Hey, You, Get On Your Own Cloud

The PocketCloud Explore app from Wyse Technology has won numerous awards, including being named LAPTOP Magazine’s Best of Mobile World Congress 2012. It deserves consideration as one of the best apps of all time, for choosing to do something so essentially simple so well.

The Cloud is supposedly the digital version of heaven. Your stuff will be out there, floating around, accessible wherever you are. Your stuff gets there either by your effort or, more frequently now, by being automatically synced and transported there.

Of course, there are challenges. Space in The Cloud is not unlimited and not always free. And many of us still have all our stuff on an old-school legacy device known as a PC, a machine surprisingly spry and popular for a technology reportedly on its last legs. Wouldn’t it be great if our PC could be our own personal and private cloud? Now it can.

As Wyse describes it:

Your Stuff…Your Device…Your Cloud!

PocketCloud Explore brings an intuitive view of your Windows/Mac file systems to Android and iOS smartphones and tablets, and lets you search, view, organize, and share across all of your computers.  It enables you to create a personal cloud out of your computers plus an online “Cloudbin” (PocketCloud Web beta) for anytime, anywhere access and sharing.
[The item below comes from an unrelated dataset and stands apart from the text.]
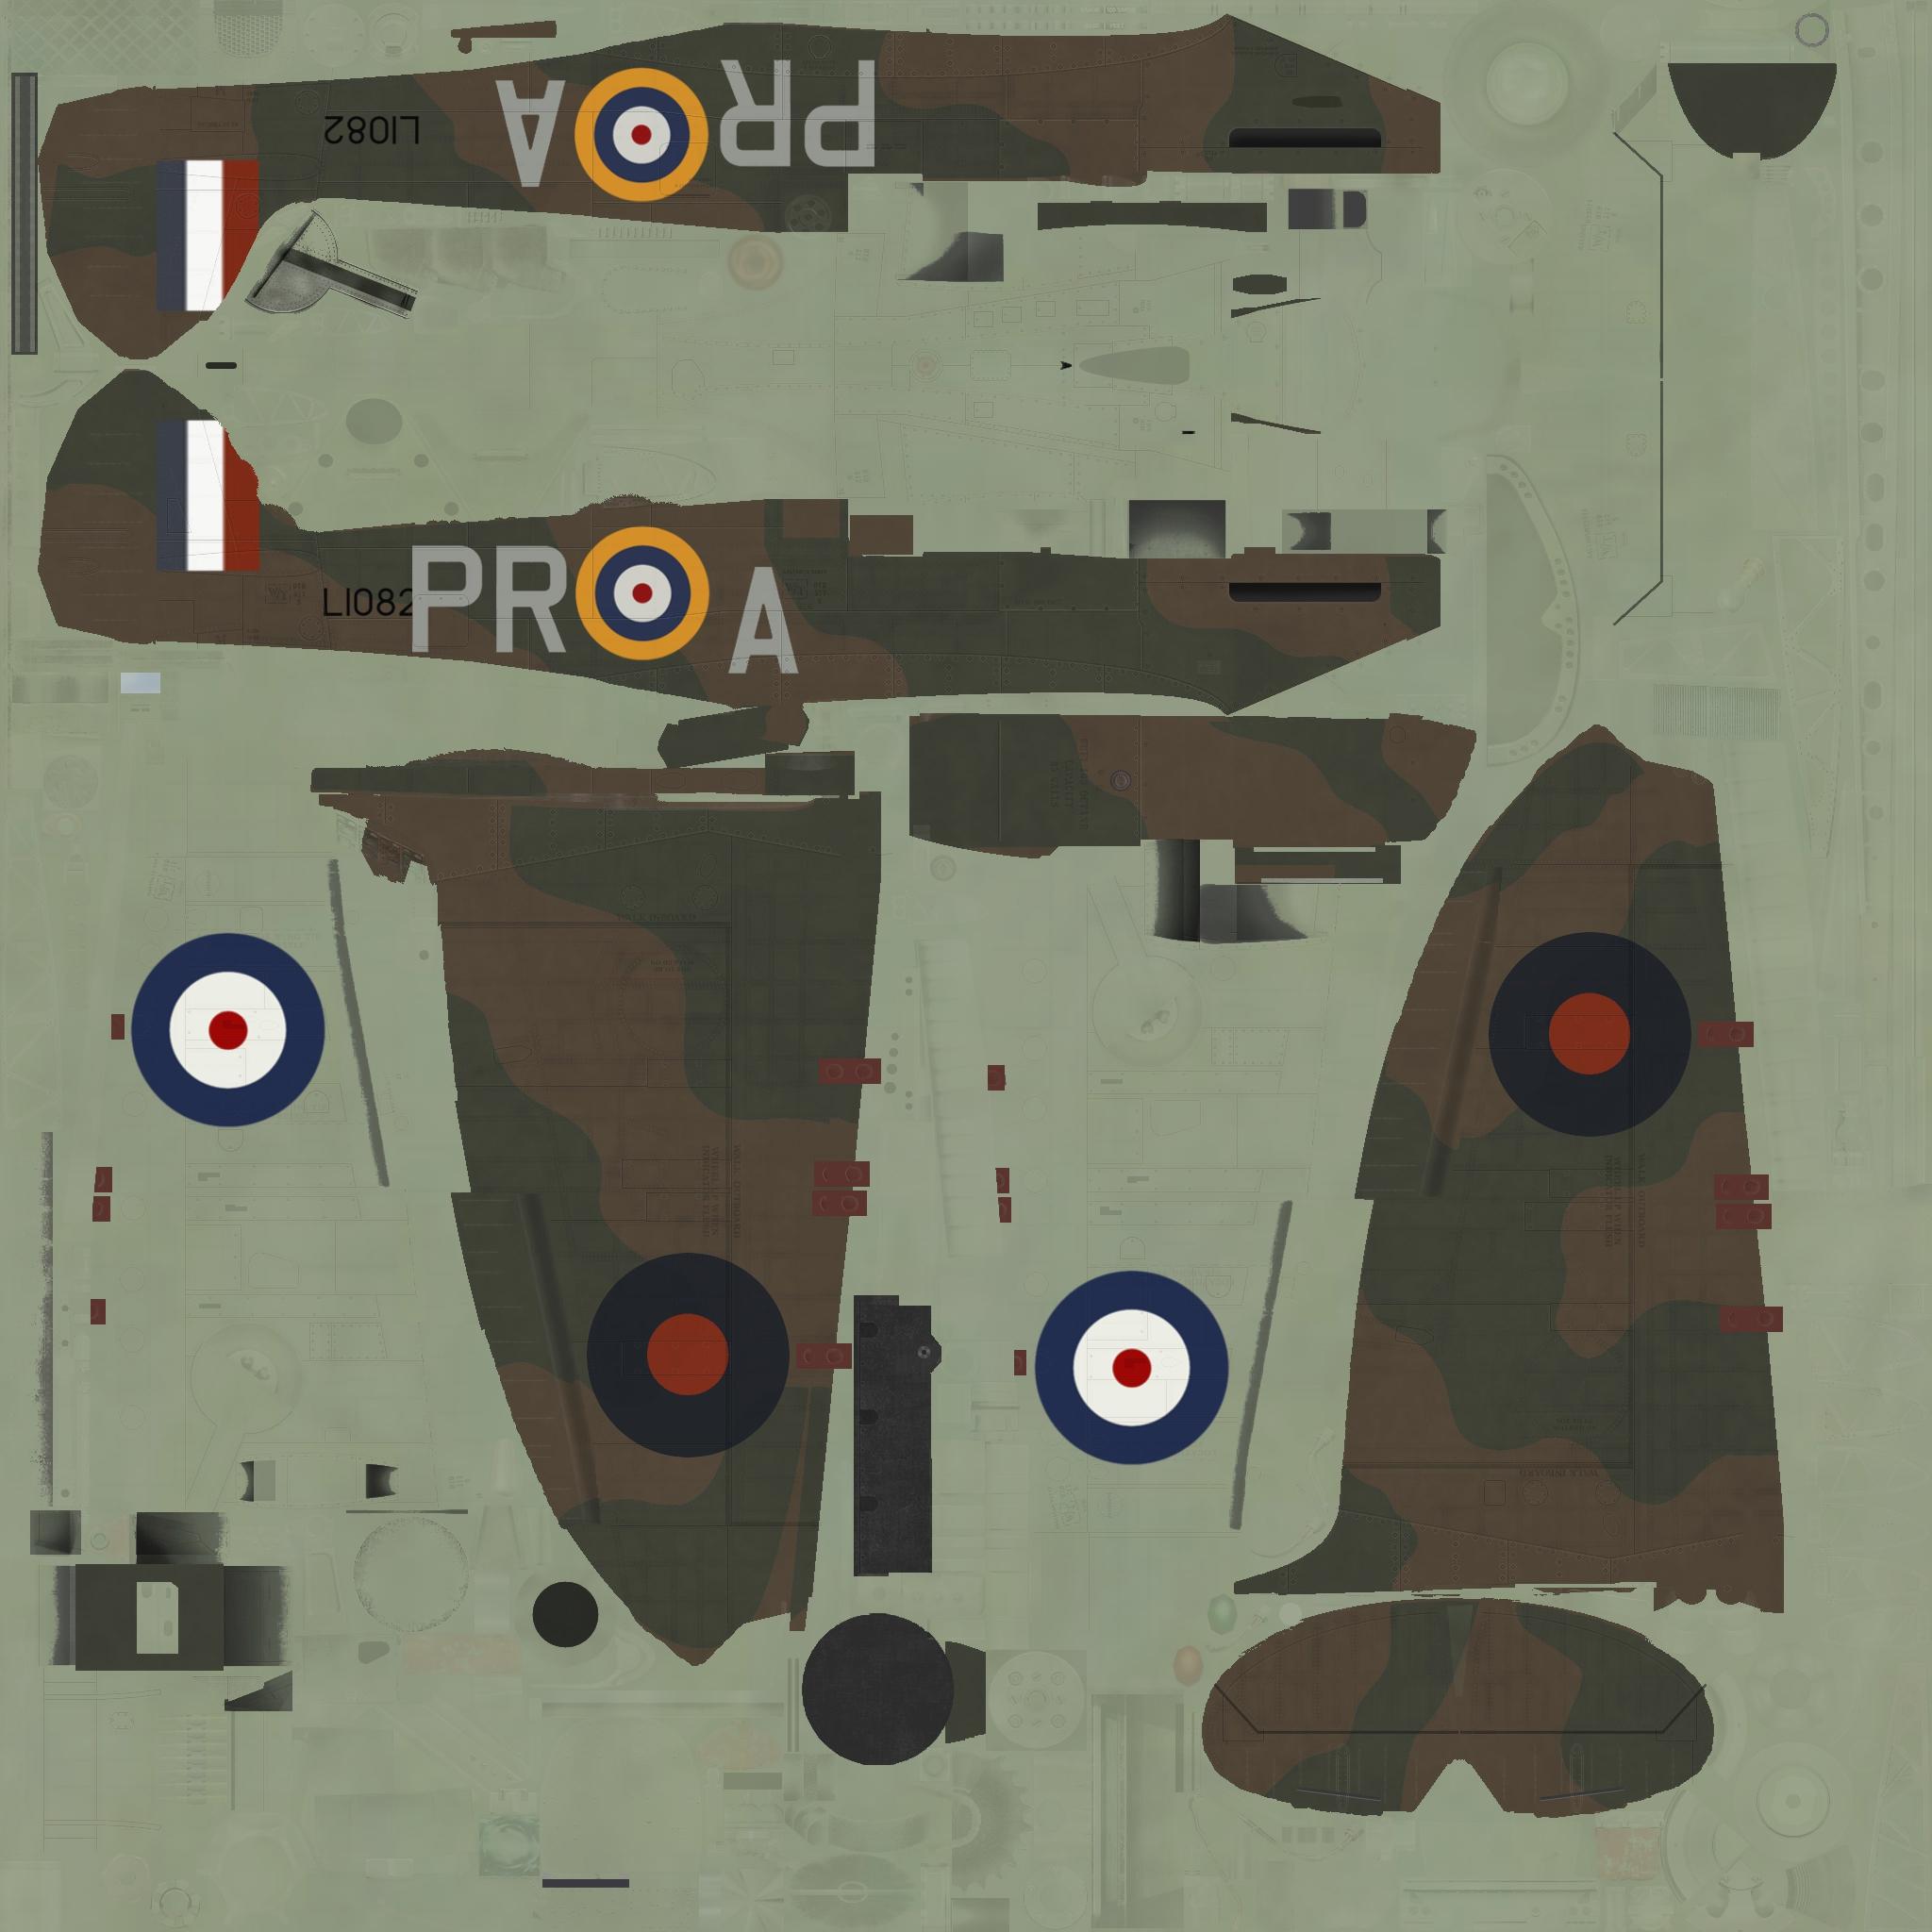 COD C6 MkI RAF 609Sqn PRA Tadeusz S Nowierski L1085 Middle Wallop 1940

“Create a personal cloud out of your computers.” This sounds too good to be true or, as is the case with so many ambitious apps, too complex and difficult to be smooth and painless—or to work at all. But five minutes later, after installing the desktop companion software and the mobile app, an entire PC hard drive was accessible on a smartphone—to seamlessly access documents, books, music, videos. Your 32 GB (or less) mobile device is instantly your 500 GB PC.

That is more than a cloud. That is digital heaven.